In March 1997 the then secretary of state for the Status of Women, the member for Vancouver Centre, eliminated program funding for women's organizations. The Liberals disbanded the Canadian Advisory Council on the Status of Women. Program funding for women's organizations was cut by more than 25% over the 1990s, while the Liberals had majority governments.
It is not only the Liberals who have impacted negatively on the lives of Canadian women. The Conservative government cut an additional $5 million to Status of Women Canada. It has eliminated any funding for research and advocacy for women's equality rights. It reduced the Status of Women Canada budget by 38.5%. The government has even removed the word “equality” from the mandate of Status of Women programs and taken out the whole raison d'être for women's struggle for equality in our country.
We can look back also at the years when the Liberals had majority governments and see what they did with respect to social programs.
Starting in 1996, the Liberal government cut over $25 billion from transfers for health, education, social assistance. The Liberals eliminated the Canada assistance plan in their 1995 budget. They changed employment insurance and based it on eligibility of hours worked rather than weeks worked, which disproportionately hurt women.
In their 1996 budget, the Liberals ended the federal role in social housing by cutting it out totally. We see the devastation on the streets of every city and community in Canada. Homeless people are living and sleeping on the streets. Twenty years ago, people would have said that would be impossible in a country as wealthy as Canada, and now we see it every day in every region across the country. The Liberals cut any federal role in social housing in Canada.

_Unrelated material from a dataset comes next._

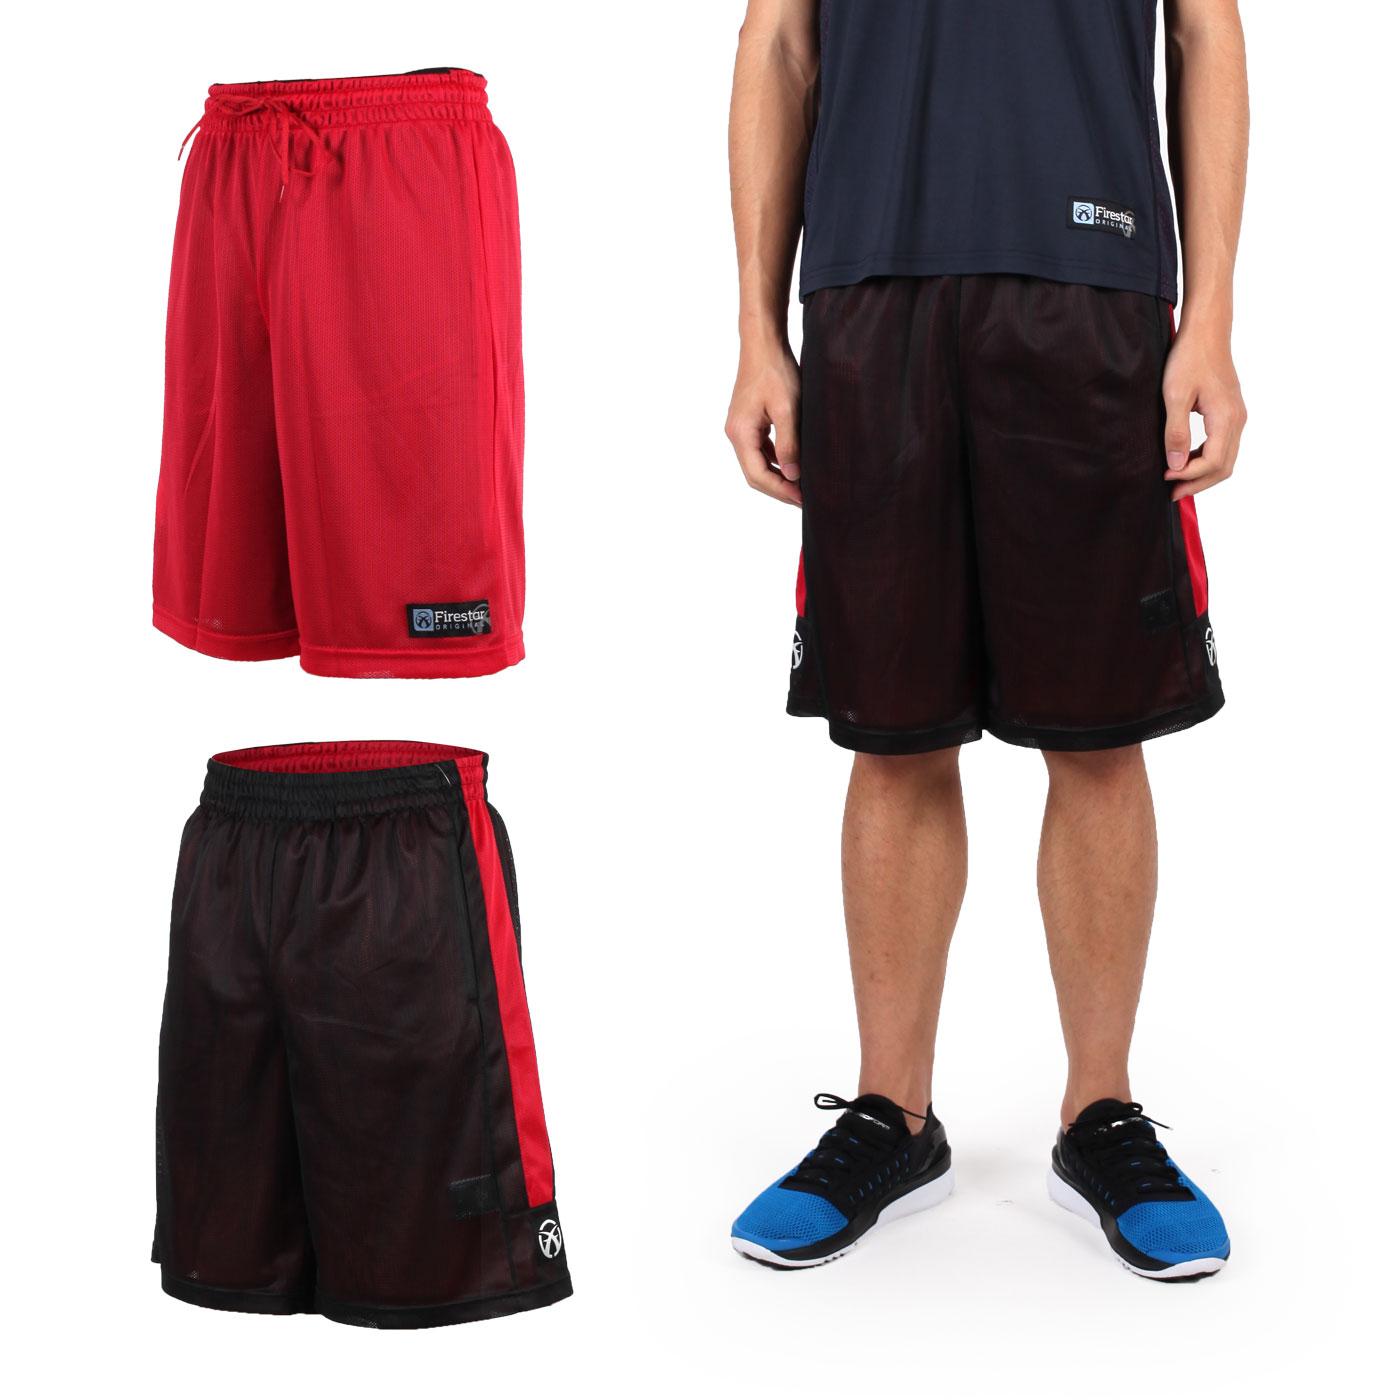 FIRESTAR 男雙面網布籃球褲 B6306-10 - 黑紅

What did the Liberal government do with the surpluses it started to register in 1998? Did it reinvest in education? Did it reinvest in housing? Did it reinvest in women's programs? No. Did the Liberals invest any of it in child care? No, they did not. They allocated over $1 billion to tax cuts, while programs that benefited women, children and the disenfranchised in Canada were left out.
In 1993, and I remember this well, the Liberals promised to create 150,000 child care spaces. After 13 years of government, three of them majority governments, they created none. We still have a crisis in Canada with child care. In fact, my son and daughter-in-law have just had their first child. They were searching for child care in the Vancouver region. A little over a week and a half before they were due to start back to work they found an adequate and proper child care space for my granddaughter. I hear from members of my community all the time about their struggle to find child care for their children, and I now know about it first-hand.
What have the Conservatives done on social programs? They have a sorry and sad record too. They have posted a massive $13 billion surplus, $5 billion more than they expected last year. Yet none of that has been put into social programs. That is a shame on our country. It saddens most Canadians to see their fellow citizens living in poverty when the government could have helped.
I have one final point to make for the official opposition members who have brought forward this hypocritical motion today.
On March 4, the Conservative budget was passed, with the assistance of 18 Liberal women members of Parliament, representing London West, Brampton West, St. Paul's, Oakville, Guelph, Brampton—Springdale, Laval—Les Îles, Vancouver Centre, Mississauga East—Cooksville, Thornhill, Nunavut, Churchill, Sudbury, Beaches—East York, Winnipeg South Centre, Don Valley East, York West and Newmarket—Aurora.